UPDATE 3-Brazil clears Pão de Açúcar's appliance stores deal

Wed Apr 17, 2013 3:00pm EDT

* Antitrust agency approves huge merger of appliance chains
    * Retailer to sell 74 stores under regulatory accord
    * Pão de Açúcar announces $1 bln investments in 2013


    By Leonardo Goy and Brad Haynes
    BRASILIA/SAO PAULO April 17 (Reuters) - Grupo Pão de Açúcar
SA, Brazil's biggest retailer, won regulatory
approval on Wednesday for its 2009 purchase of the Casas Bahia
and Ponto Frio appliance chains in exchange for selling less
than 8 percent of their store fronts.
    The retailer said in a securities filing that it will sell
74 stores generating about 3 percent of gross revenue for its
Viavarejo home appliance unit, formed by the acquisitions. But
it said it still expects to "capture all the cost savings of the
merger."
    Brazilian antitrust watchdog Cade approved the deal "with
restrictions" earlier on Wednesday, requiring Pão de Açúcar to
sell assets in 54 cities generating annual revenue of 900
million reais ($450 million). The retail group's net sales
revenue was 51 billion reais last year.
    The Cade approval will allow Pão de Açúcar to continue with
the final consolidation of the deal, but highlights regulators'
desire to show their teeth in defense of Brazil's growing
consumer class. 
    Shares of Pão de Açúcar fell 1.8 percent to 103.80 reais in
afternoon Sao Paulo trading and are down 2.2 percent this week,
on track for their biggest weekly loss in three months. 
    Pão de Açúcar also announced on Wednesday that shareholders
had approved plans to increase investments to 2.02 billion reais
in 2013. The retailer invested 1.58 billion reais last year, in
line with 2011 but below the 1.8 billion reais target it had set
for 2012.
    
    The company aims to boost investments by 80 percent over the
next three years, according to local media reports. The focus of
capital spending this year will be 100 new Minimercado Extra
supermarkets, executives have said, as it targets smaller cities
with less direct competition. 
    Convinced they can outperform in a cooling market, Brazil's
biggest retailers are stepping up investments in new stores this
year and could expand their floor space more than their sales,
according to industry estimates.
    Pão de Açúcar agreed to buy Ponto Frio in June 2009 and
Casas Bahia in December 2009, forming a retail giant via a
complex asset swap valued at about 4 billion reais.
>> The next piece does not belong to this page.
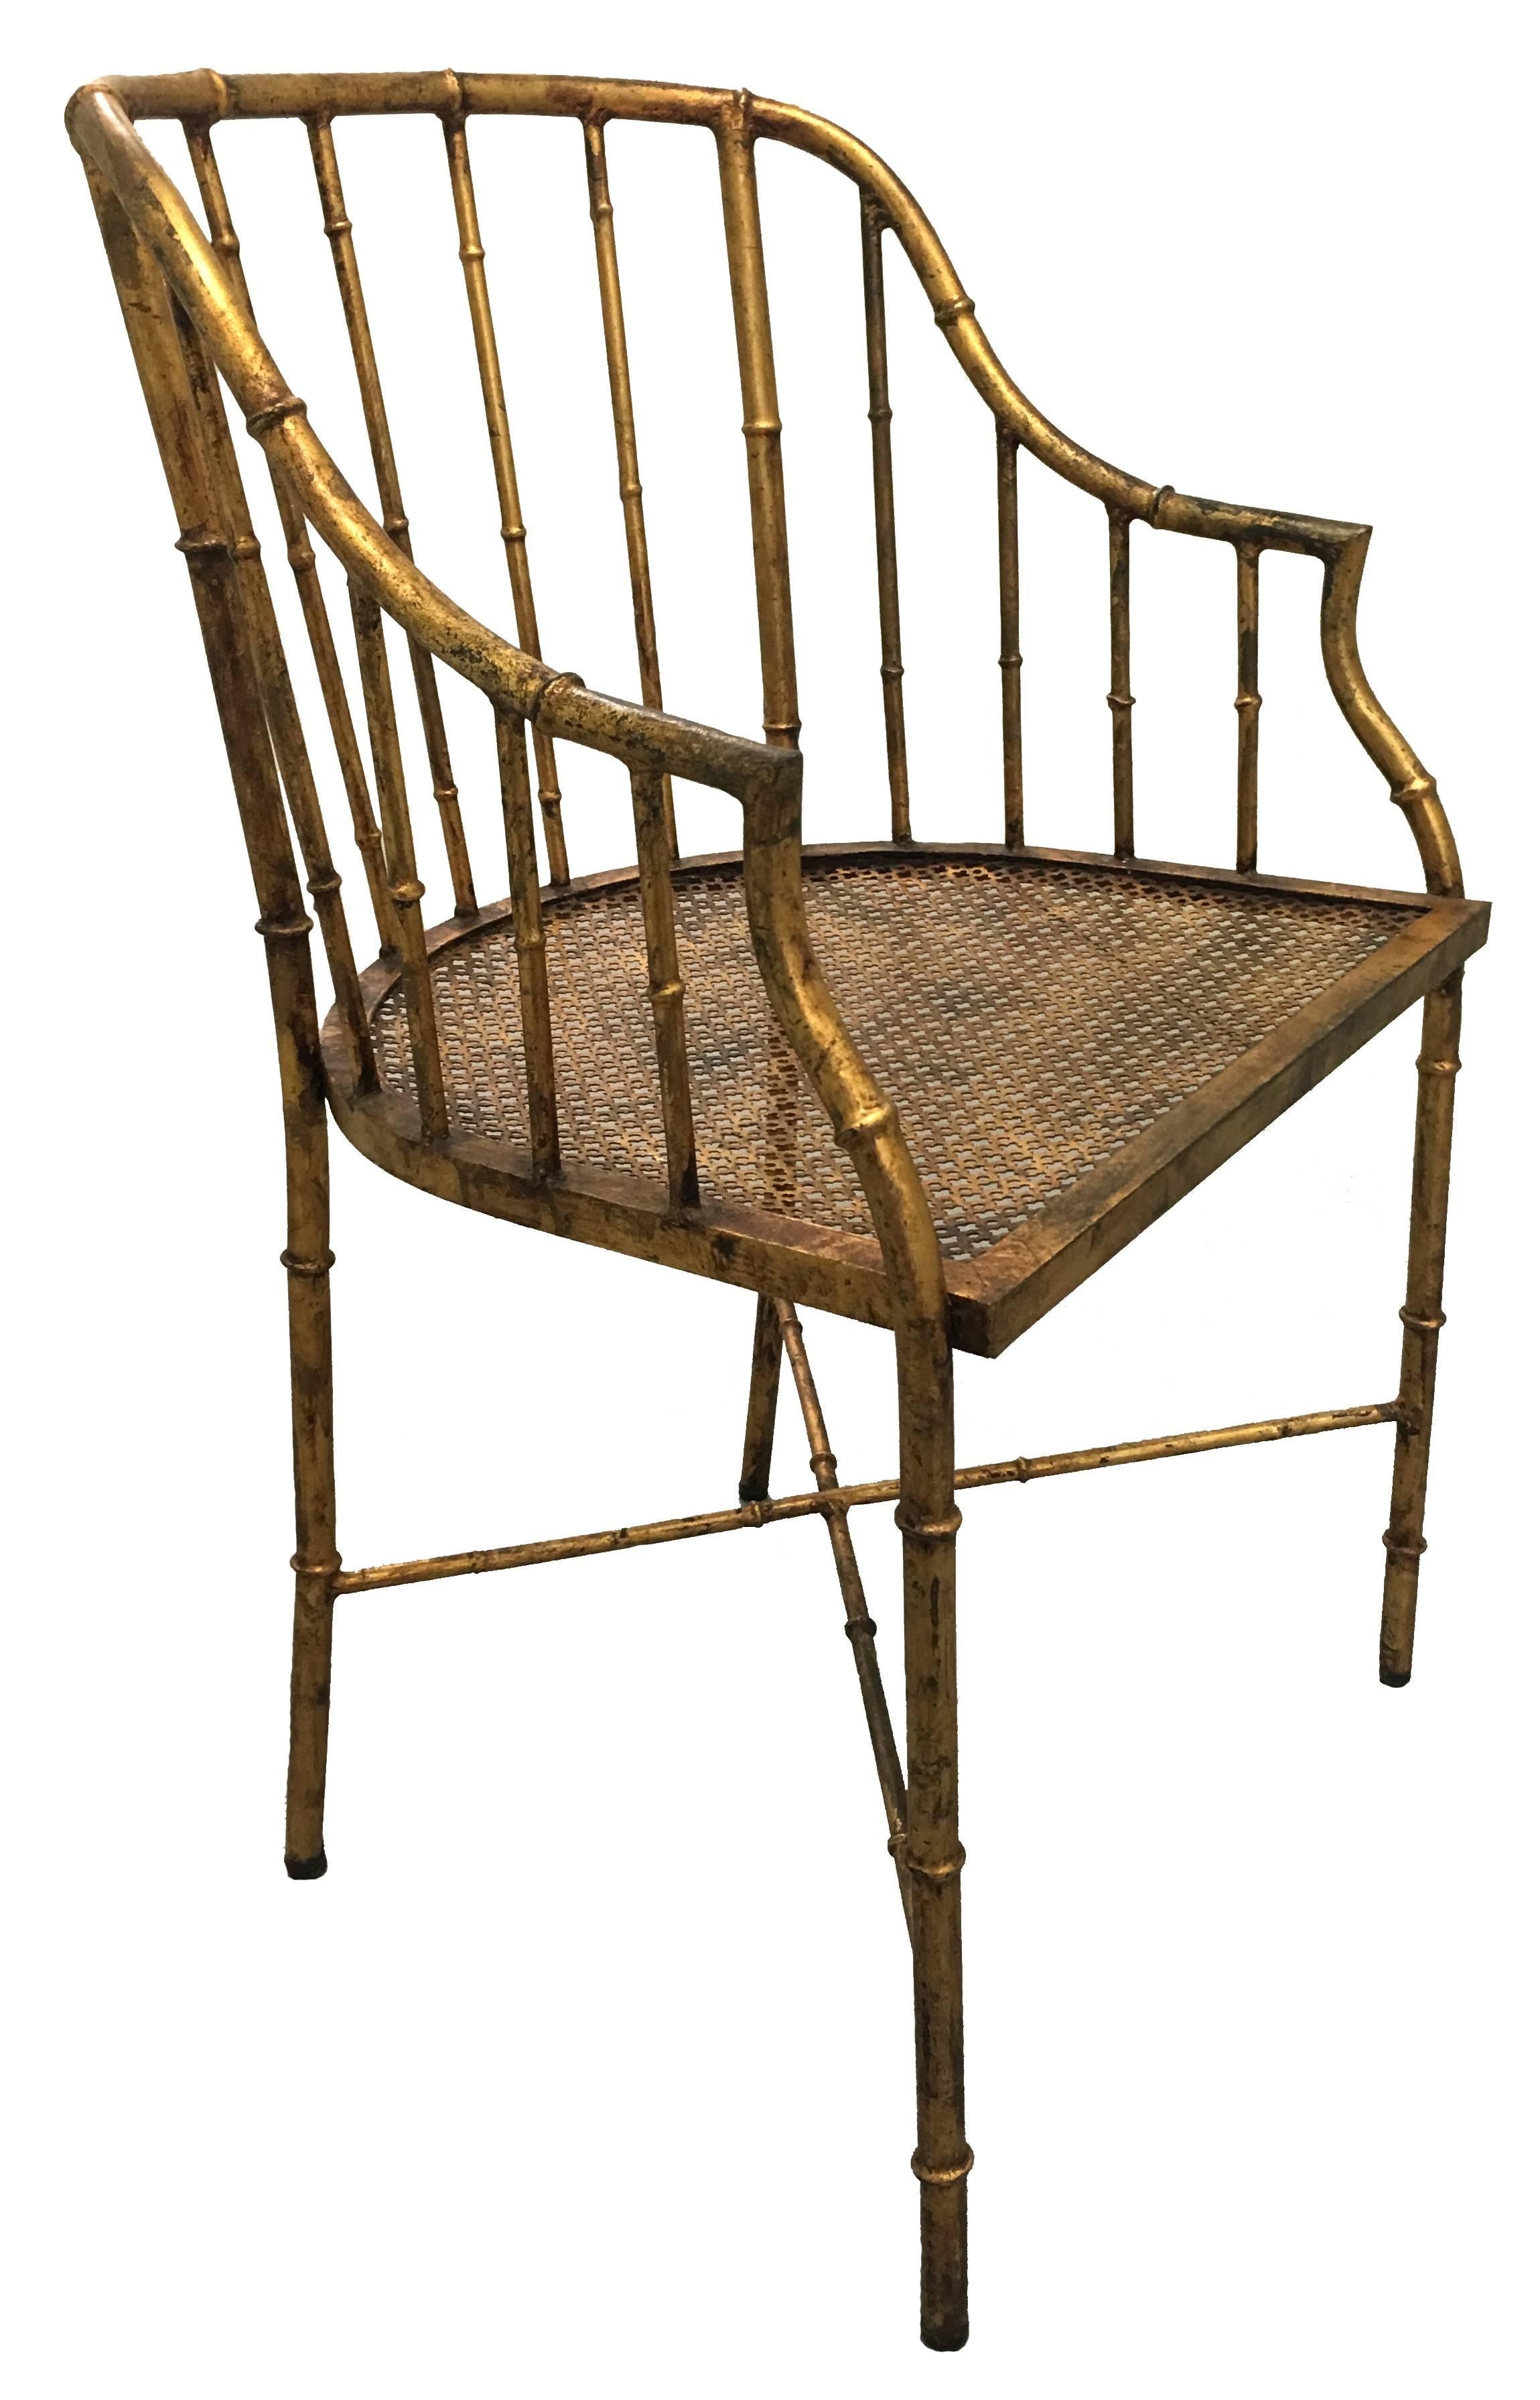 Burnished gilt metal bamboo armchair by La Barge. Seat is 17.5" H.

The
resulting Viavarejo numbers about 1,000 of Grupo Pão de Açúcar's
more than 1,600 stores.
    Cade ruled in 2010 that Pão de Açúcar would have to keep the
brands, stores and management of the Casas Bahia and Ponto Frio
chains separate until the agency's final ruling. 
    French group Casino took control of Pão de Açúcar 
from its founding family in June 2012.